Riviera’s got Tiger by the tail, right..?
There’s a fascination to Tiger Woods that extends beyond his golfing prowess. He’s the one man who falls into the unique bracket of golf’s golden child and bad boy at the same time. Through all the wins, fist pumps and majors, there’s the controversy, the injuries, the Vegas nights and everything else in between. It’s the combination of it all that makes him so appealing. We love the eagles, the recovery shots, the stinger – whether we choose to admit publicly or not we all love a bad boy in sports too.
We’ve seen the swelling crowds when Tiger’s playing, and to be honest even when he’s not (see 2016 Ryder Cup). Although TV viewing numbers aren’t necessarily in the public domain, when Tiger tees it up they rocket by up to 200%. Our obsession makes him worth a lot to the sport. But does it distort how we judge him?
According to the media, the venue of this week’s Genesis Open, Riviera Country Club, more than any other is a course that has given Tiger a headache – and boy the media have enjoyed adding to his woes! Even Tiger admitted last year, “I love the golf course, I love the layout, it fits my eye and I play awful.” But is that perception, both from Tiger and the media fair?
When looking at Tiger’s starts at Riviera, it’s the only course on the PGA Tour circuit he has played more than four times and not won at. Bearing in mind, in his PGA Tour career, with 347 starts, he’s won 80 times, and come in the top-3 130 times (including wins). That’s a winning ratio of 23% of the events he enters. Please note, this is not a typo – unbelievably he’s won nearly 1 in 4 events he’s ever entered!. Statistically he should have won at Riviera by now. Twice.
But with such astonishing career numbers, why does Riviera cause the big cat such problems? We’re all used to seeing Tiger’s approach shots from pretty much anywhere on the course, landing on the green. When measuring the same period, Tiger hit the green 68% of the time, compared to 63% percent around Riviera in his previous visits. On that basis you’d assume his struggles come from the tee, however both his Tour average and Riviera driving accuracy stack up perfectly at 58%. All that does is beg the question as to what changes in the game of the best approach player of all time?
It’s only when you look at what the rest of the field is doing do we start to see a certain pattern. Eight of the past eleven winners around Riviera have ranked in the top-10 for strokes gained around the green. Riviera’s greens are hard to hit – really hard, therefore Tiger’s biggest weapon in his arsenal is removed. In the past fifteen years, greens have been hit in regulation 57.4%, compared to the tour average in the same period of 64.6%. The layout, the false fronts, run offs and tight pins all contribute to that number, but the truth of the matter is everyone, even Tiger is going to struggle around Riviera hitting the green.

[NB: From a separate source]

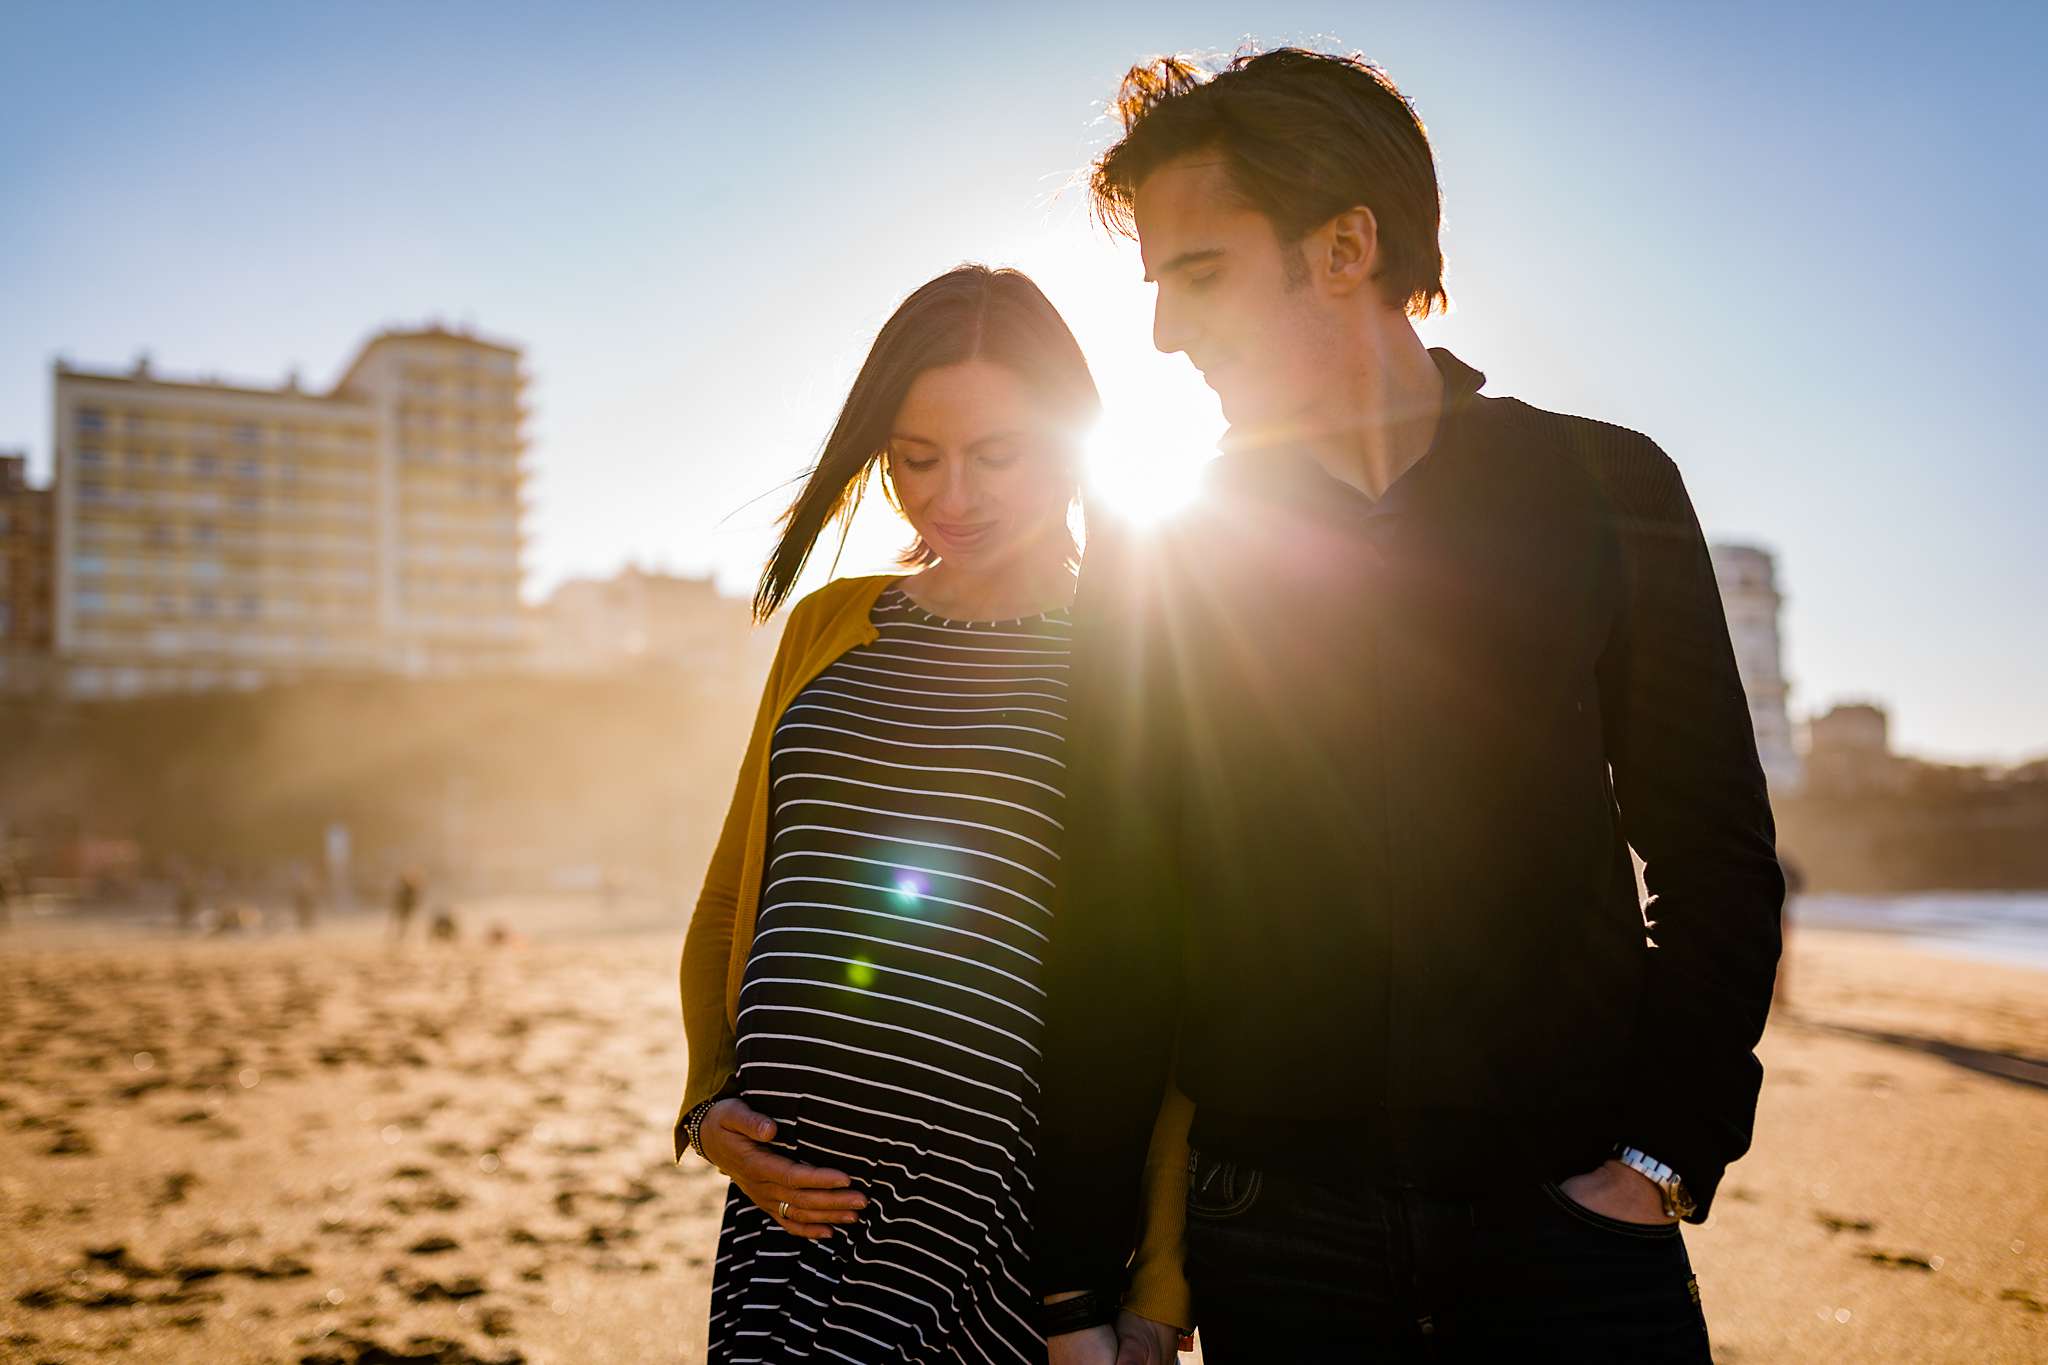 Les photos de grossesse et couple de Sophie et Rodolphe, à Biarritz Pays Basque ! Après sont EVJF il y a quelques années, voici Sophie enceinte. C'est beau. :)

Riviera has proven to be his Kryptonite over the years. But only in the sense that the course makes Tiger somewhat human! He’s shot a 64 back in 2004, never fell out of the top-20 in his first nine starts and only missed the cut on his comeback from spinal fusion. Anyone else and we’d be talking about a fairly decent record. But not Tiger.
We expect a lot from him, as he does, but on a course that looks like it suits him on face value, perhaps Riviera isn’t what it first seems to Tiger. Maybe it should be seen as nothing more than another event in his build up to the Masters and an opportunity to promote his TGR Foundation. But when is all said and done, I know that come Sunday, if Tiger’s in the hunt and doesn’t win, I’ll be (completely unfairly) disappointed – and he can only blame himself…for being so unbelievably good. Roll on Riviera!